Don't kid yourself on any "paint" type finishes. You'll be lucky to get 3 years out of them (I've never seen one go two years, in my area). If you can get the pool plastered, that would be the best bet. You should see about ten years out of a plaster finish, and can get upgraded finishes that will last longer. I would sure take a look and see if you can afford to go that route before you decide on "paint".

Hi Bruce,

so we've decided that we're not that crazy about the idea of paint if we're going to have to redo it every two - three years. While in the hugh pool store my wife wonders over to the inground pools that they have on display and admires the marblite finish that two of the pools have. The sales guy says that it last up to 20 years and is guaranteed for 10 years. (to be taken with many grains of salt)

So the guy gives us/her a quote our pool shape/size of $10800 installed.

This includes sandblasting / $2000
12" of really nice tiles around the perimeter/scumline $2500 installed
Marblite finish $6300

I found this rather cheap compared to having to pay $1000 per paint job every few years.

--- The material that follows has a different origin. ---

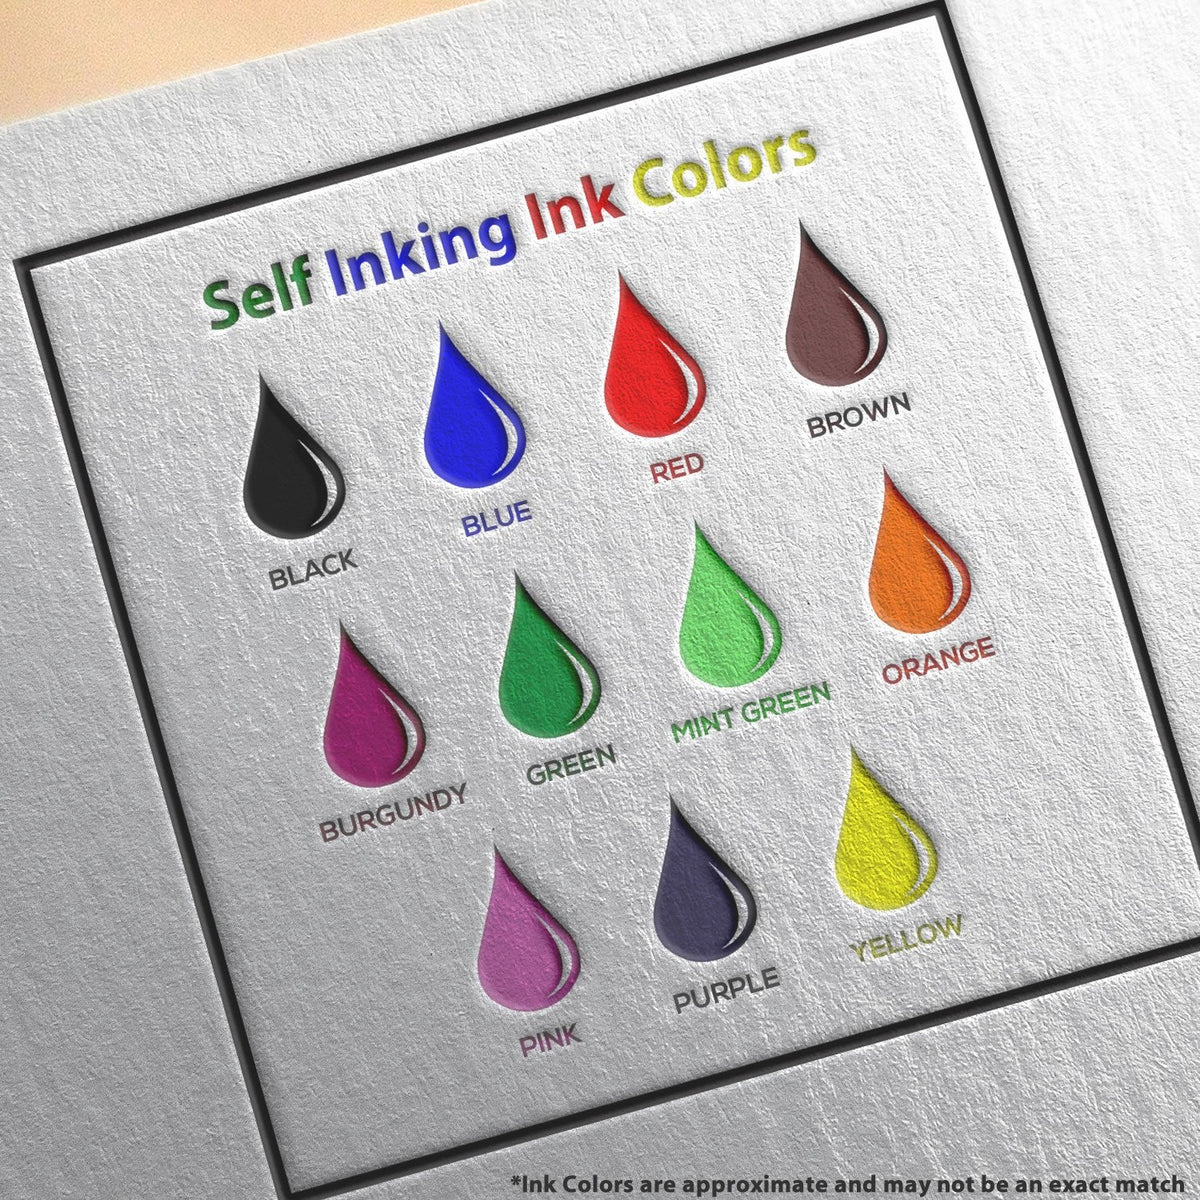 Self Inking Rewrite In Cursive Stamp Ink Color Options

1) Is it a good option for my unconventional pool? I have a few fisher cracks on top of that crazy repair that I did on that far wall.
Will this stuff fall off with time? I know that all cement crack but what's the result on the finish?

2) I'm going to get a price for plaster as well. Would this be a better option for my old pool?


I'm doing this to reduce maintenance/painting. So if it's going to be a problem I'd rather not waste the money.

This truly is one of the best forums.
Thanks
 
Update.

Nobody except for the big pool place wants to do my exposed aggregate here in Quebec. One other place that does it, only does it for there own installations and doesn't recommend it for mine.(even though he wouldn't do it anyhow) They all say to paint.

So I've come down to one company who has been doing exclusively cement pools for the last 28 years. The guy is so charismatic that it's scary. I just wanted to give him all my money :lol:
But I've held off for the weekend.

I've basically asked him to quote on the same parts of the job as I've ask the other two companies. He came back to me with a general price and said that he's going to do all the pretty stuff that I asked for plus fix all the other things that need to be done that I was going to do myself. I'm the pool builder he tells me, let me do my job. You can watch: ). He's right. There is a lot of little things that I was going to do that could require being redone in a year or two if not done correctly. You wouldn't believe the conversation we had in his office, laughing the whole time.

Here is my only qualm. He's telling me that I have to go saltwater and that he's doing all of his pools this way.(he only does cement)
Although every other company that I've spoken with has told me to go chlorine for a cement pool as the salt eats the cement.

Any thoughts?


BTW,
He can start in three weeks and has assured me that they would be there every possible day.


I could post the work decription if anyone would like to see it.